■ Action item ■
Repeat the listing exactly as given, omitting every image.

■ Supplied data ■
┄┄┄┄┄┄

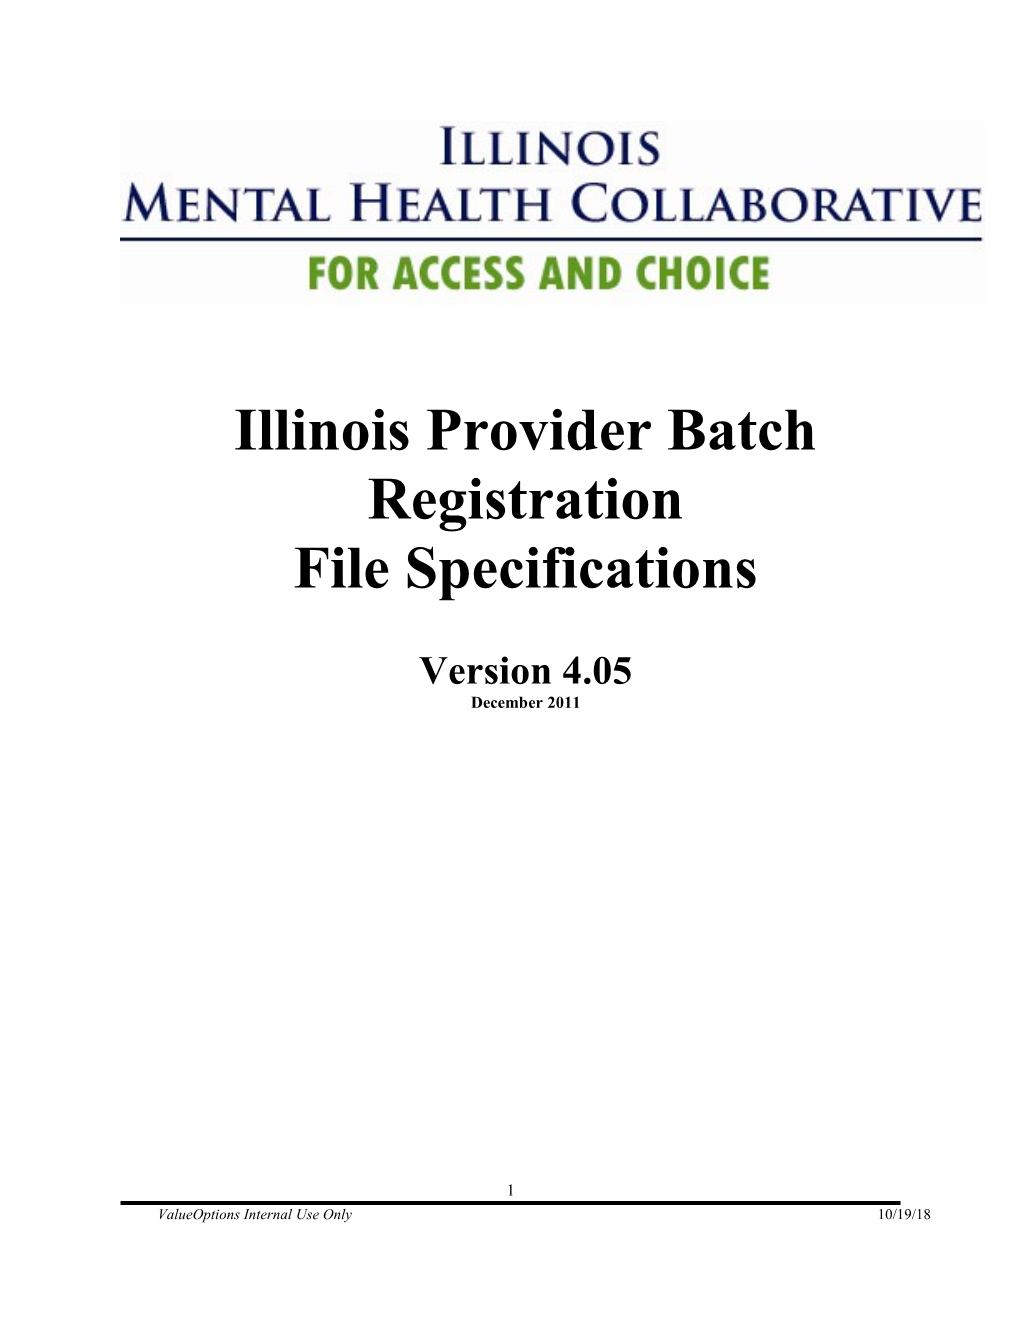 Illinois Provider Batch Registration
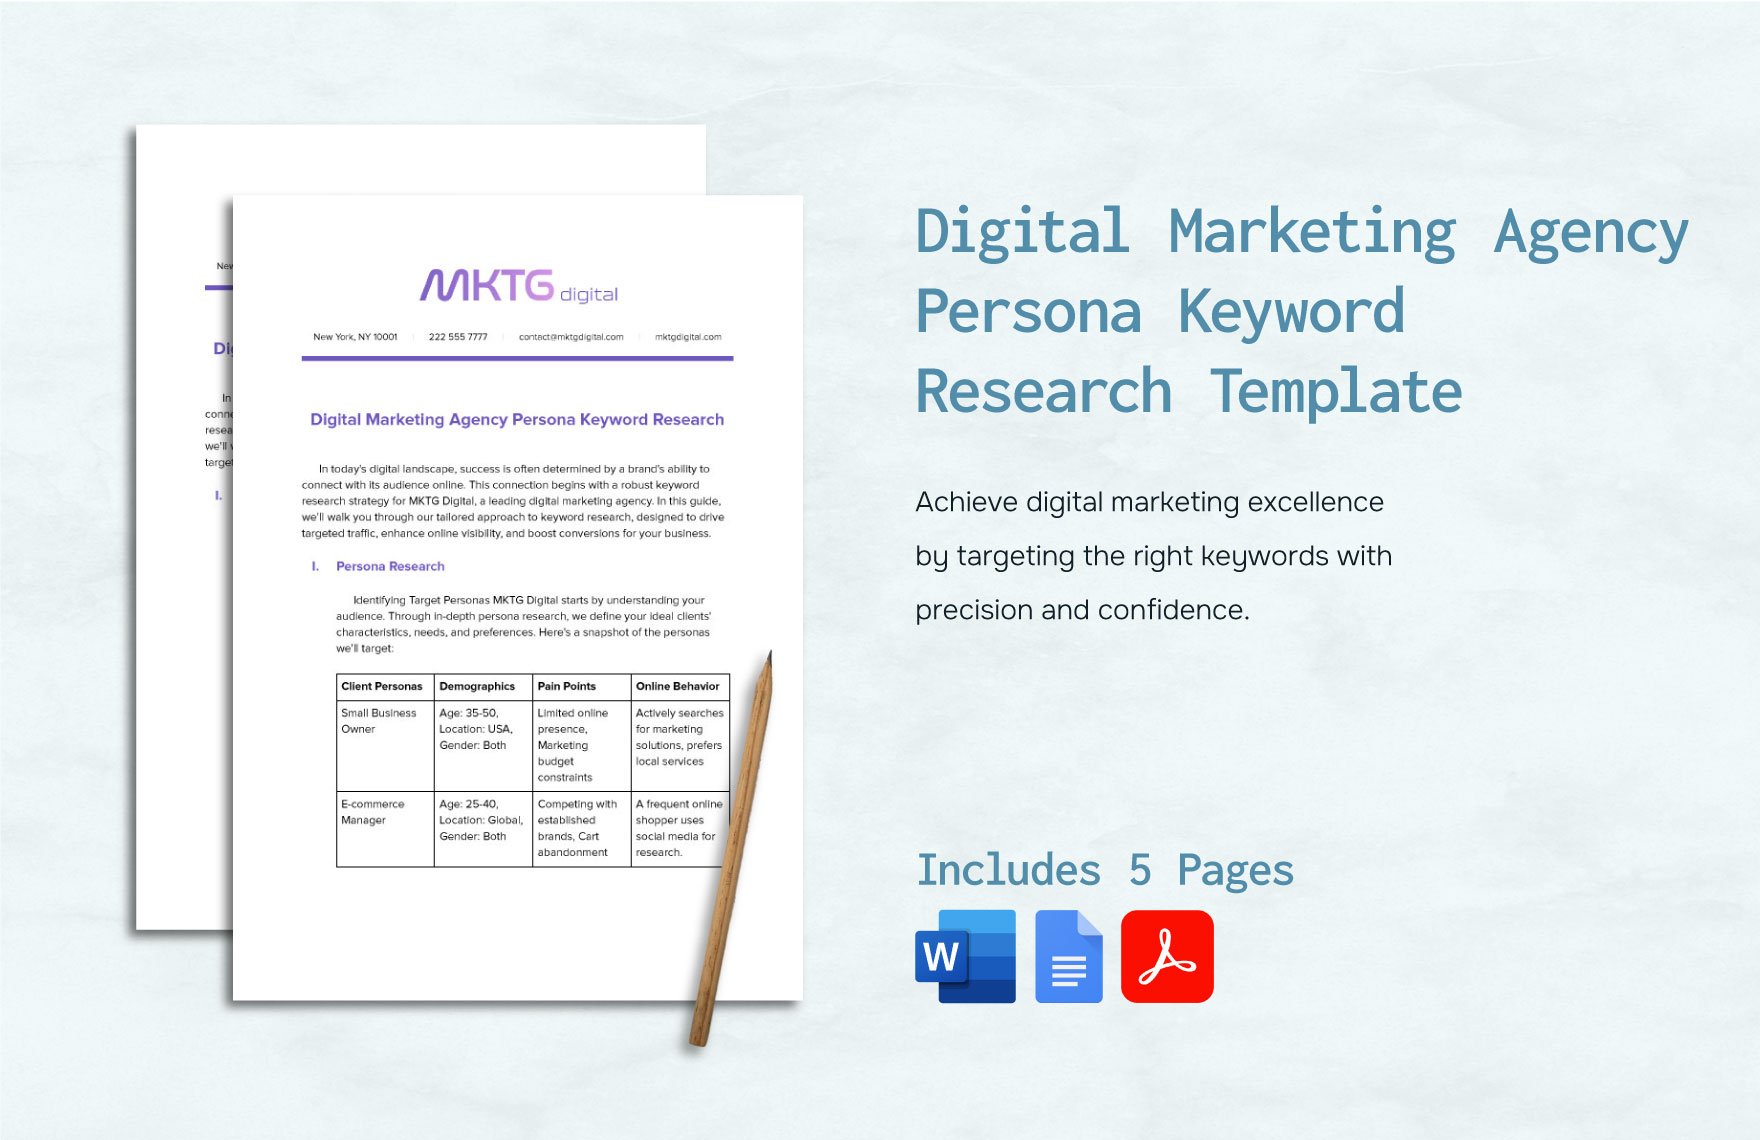 Digital Marketing Agency Persona Keyword Research Template
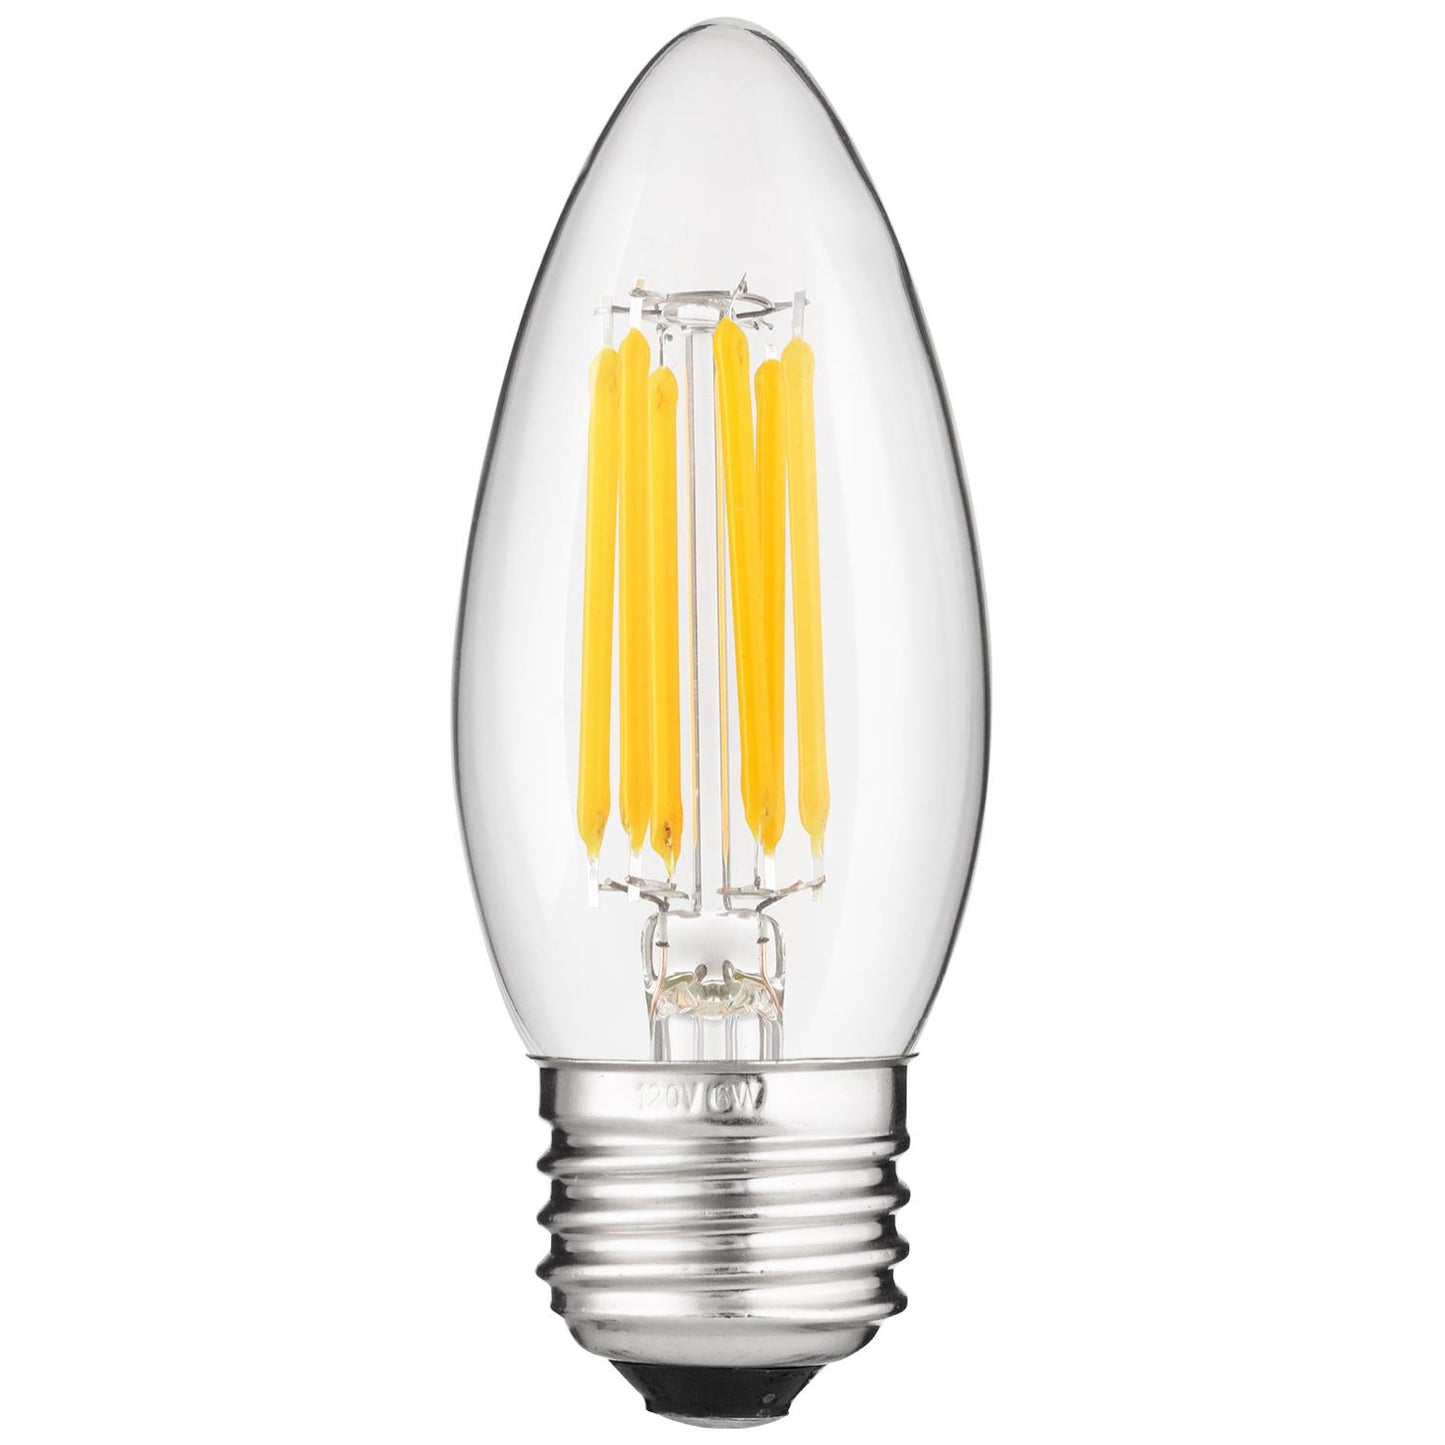 Sunlite LED 6W (60W Equivalent) Clear Filament Styled ETC Chandelier Light Bulbs With Torpedo Tip, 2700K Warm White Light, Medium (E26) Base

┄┄┄┄┄┄

■ Written reply ■
 Illinois Provider Batch Registration
 Digital Marketing Agency Persona Keyword Research Template
 Sunlite LED 6W (60W Equivalent) Clear Filament Styled ETC Chandelier Light Bulbs With Torpedo Tip, 2700K Warm White Light, Medium (E26) Base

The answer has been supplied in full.